The behavior of the instancing function PK_FACE_instance_tools is altered via the contents of an option structure passed to the function. The option structure is the same structure that is input to PK_FACE_boolean - refer to Chapter 9, "Boolean Operations" for a description of the options.

The performance of the instancing operation can be improved by using the instancing options in the configuration option sub-structure. The options are as follows:

 

Option Description

no_tool_intersect

This option can be set when it is known that the set of tool bodies do intersect each other, though they are allowed to clash with existing edges on the target (including the periphery edge).

 

Figure 10-1 Tool bodies that do not intersect each other, but intersect edges on the target

 

Option Description

no_loop_intersect

this option can be set when it is known that there is no interference between any instances and the existing edges of the target. It is permissible for the tools to clash with each other.

 

Figure 10-2 Tool bodies that have intersected each other but not the edges on the target

 

Option Description

identical_intersect

this option can be set when it is known that the intersection loops of each instance of the tool body with the target body are identical with all other instances of the tool body in the target body, and the resulting intersection loops are identically positioned on the instance of the tool body.

 

Figure 10-3 Identically positioned intersection loops on the instance tool body (cylinder) when it is united with an inclined planar face

 

Option Description

one_in_all_in

when one tool intersects a target face then all tool faces intersect that same target face.

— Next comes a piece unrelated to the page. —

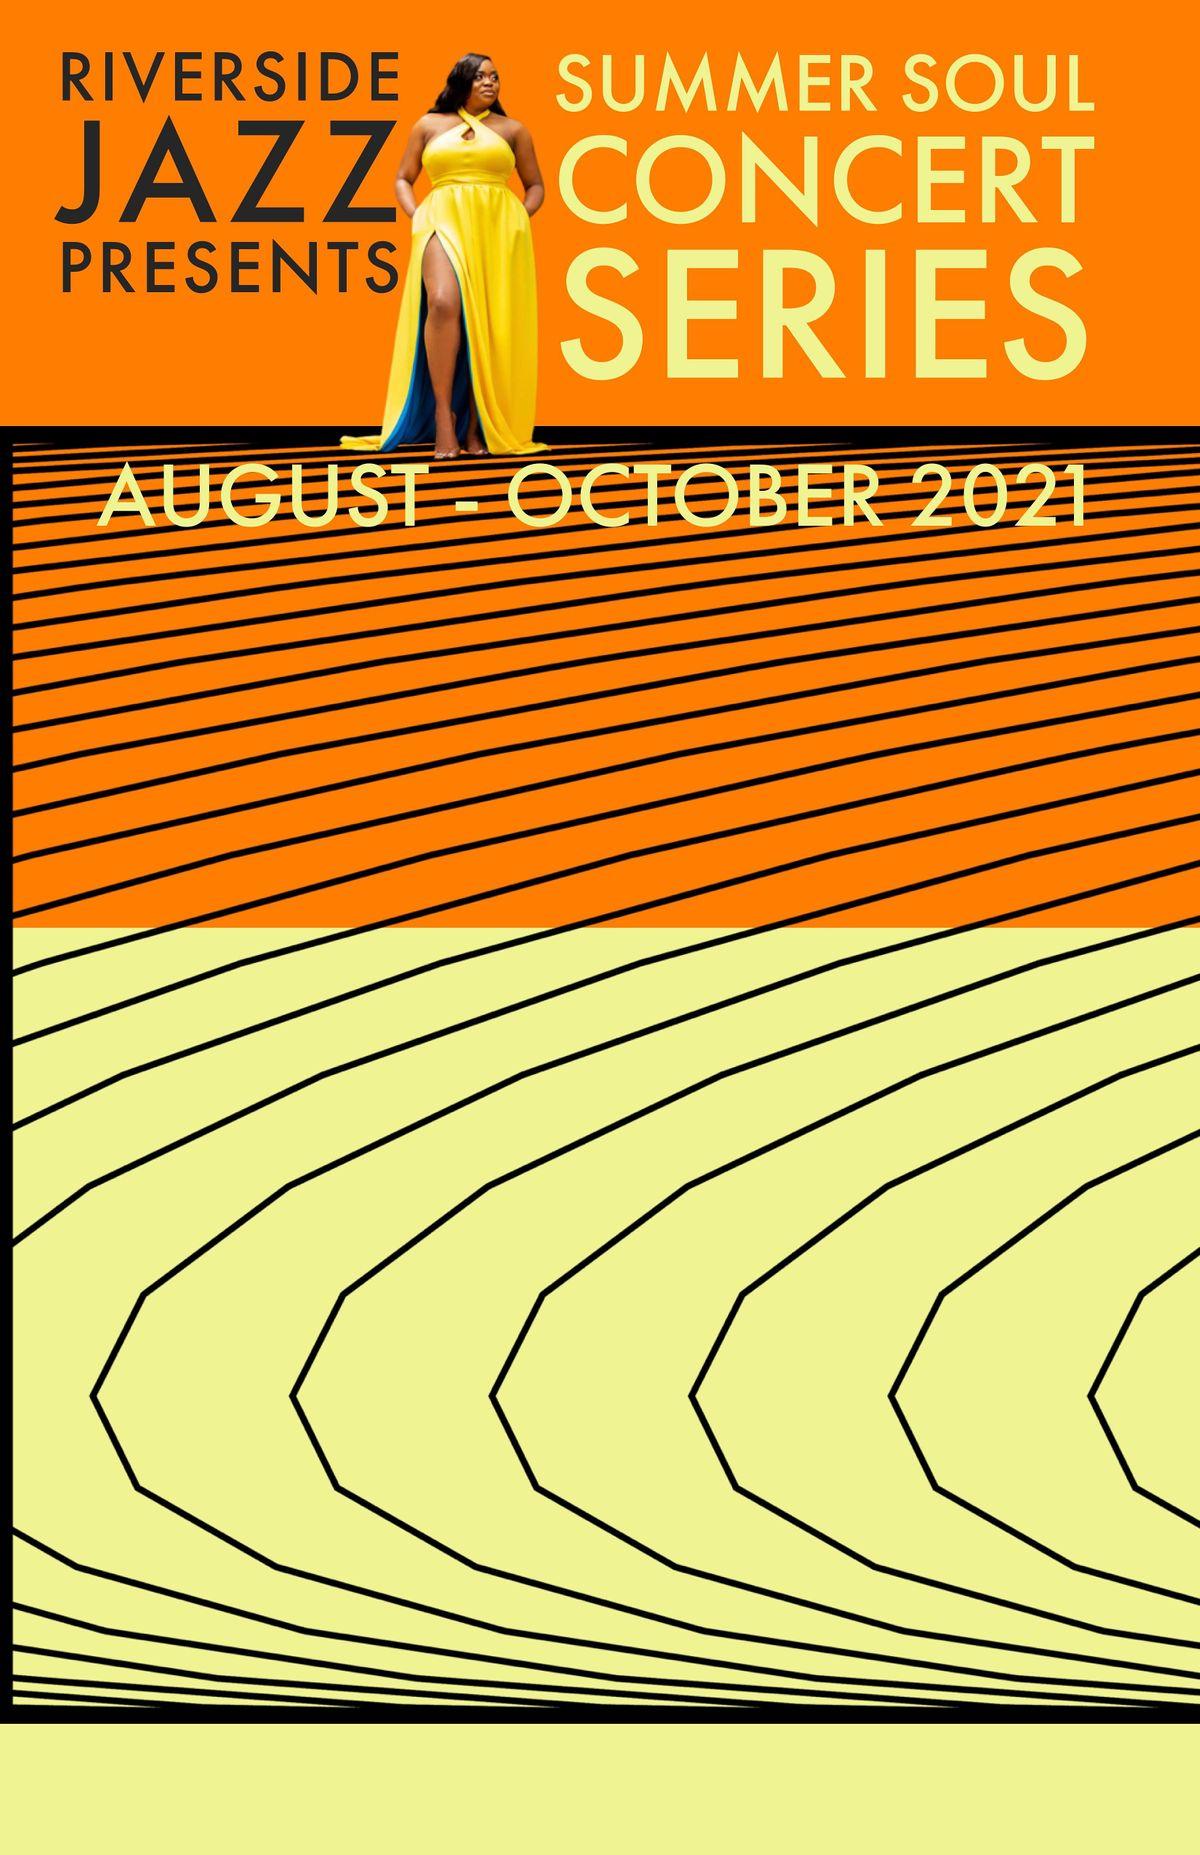 Riverside Jazz - Summer Soul Concert Series | Event in Columbia | AllEvents.in

An example of this situation is when a set of parallel, solid cylinders are united to an inclined planar face forming elliptical intersection loops, satisfying the first condition. To satisfy the third condition, the vertical positioning of each instanced cylinder would be dependent on its position on the incline.

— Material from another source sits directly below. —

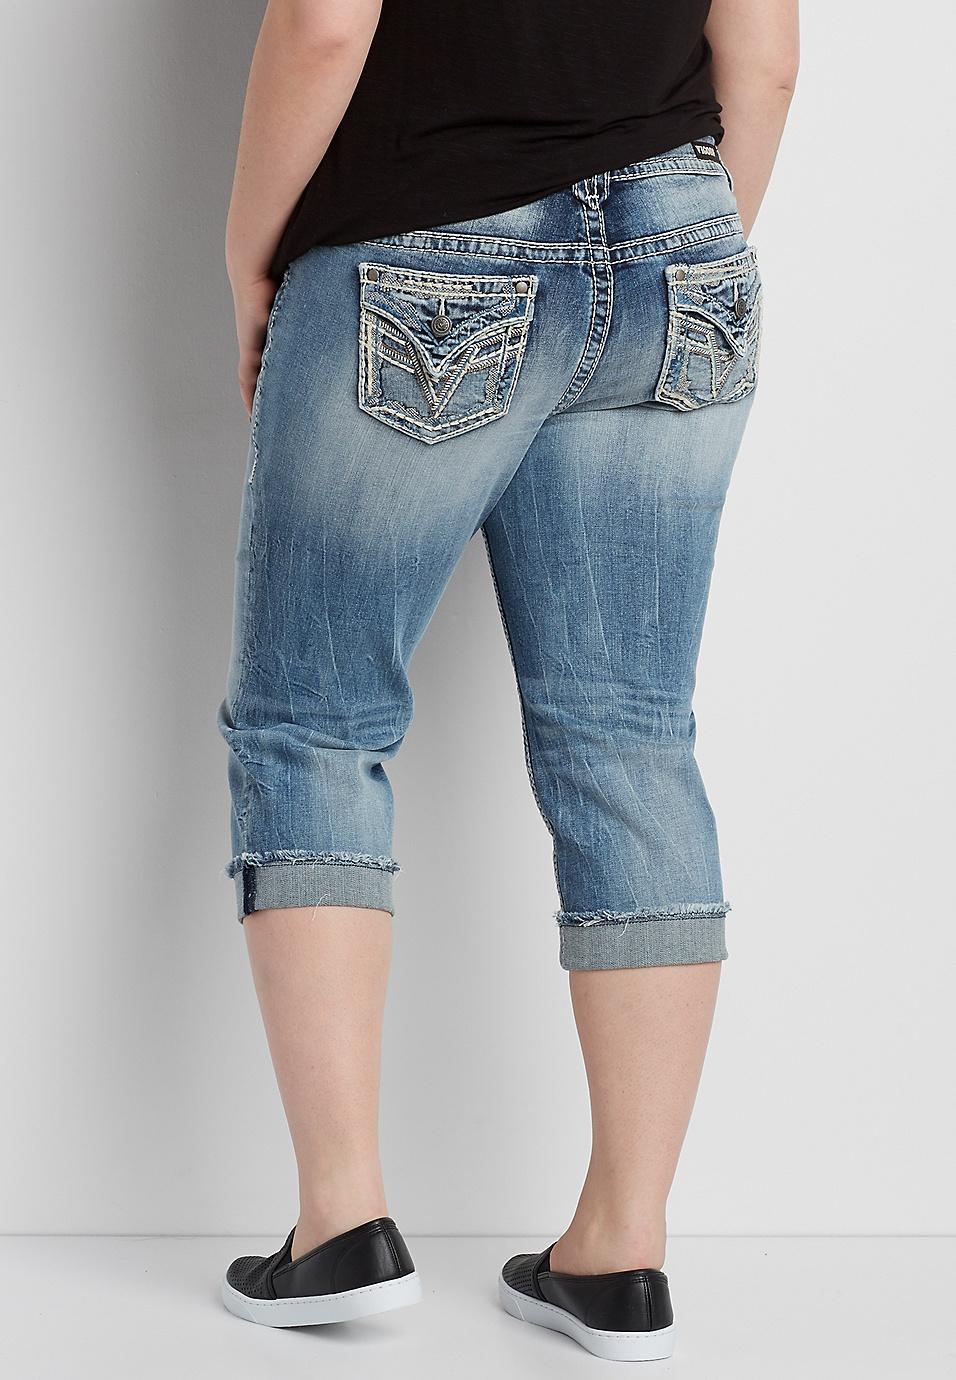 18c9a4bd236 Vigoss® plus size capri with back flap pockets

In addition to the previous configuration options, the following receive options are available to:

 

Option Description

function

specifies the boolean operation to be performed: union, subtraction or intersection

extend_face_list

a local boolean receives a subset of the faces of a target body. If the imprinting phase of the boolean results in incomplete loops of imprinted edges, then additional target faces are used.

stop_self_intersect

stop self intersection, after imprinting, tool faces which survive the boolean are compared against all faces of the target body.

select_region

this option sub-structure is used to identify regions of the tool to be included or excluded in the boolean result. See "Select regions in boolean operations (local)" in Chapter 9, "Boolean Operations" for a description of the options.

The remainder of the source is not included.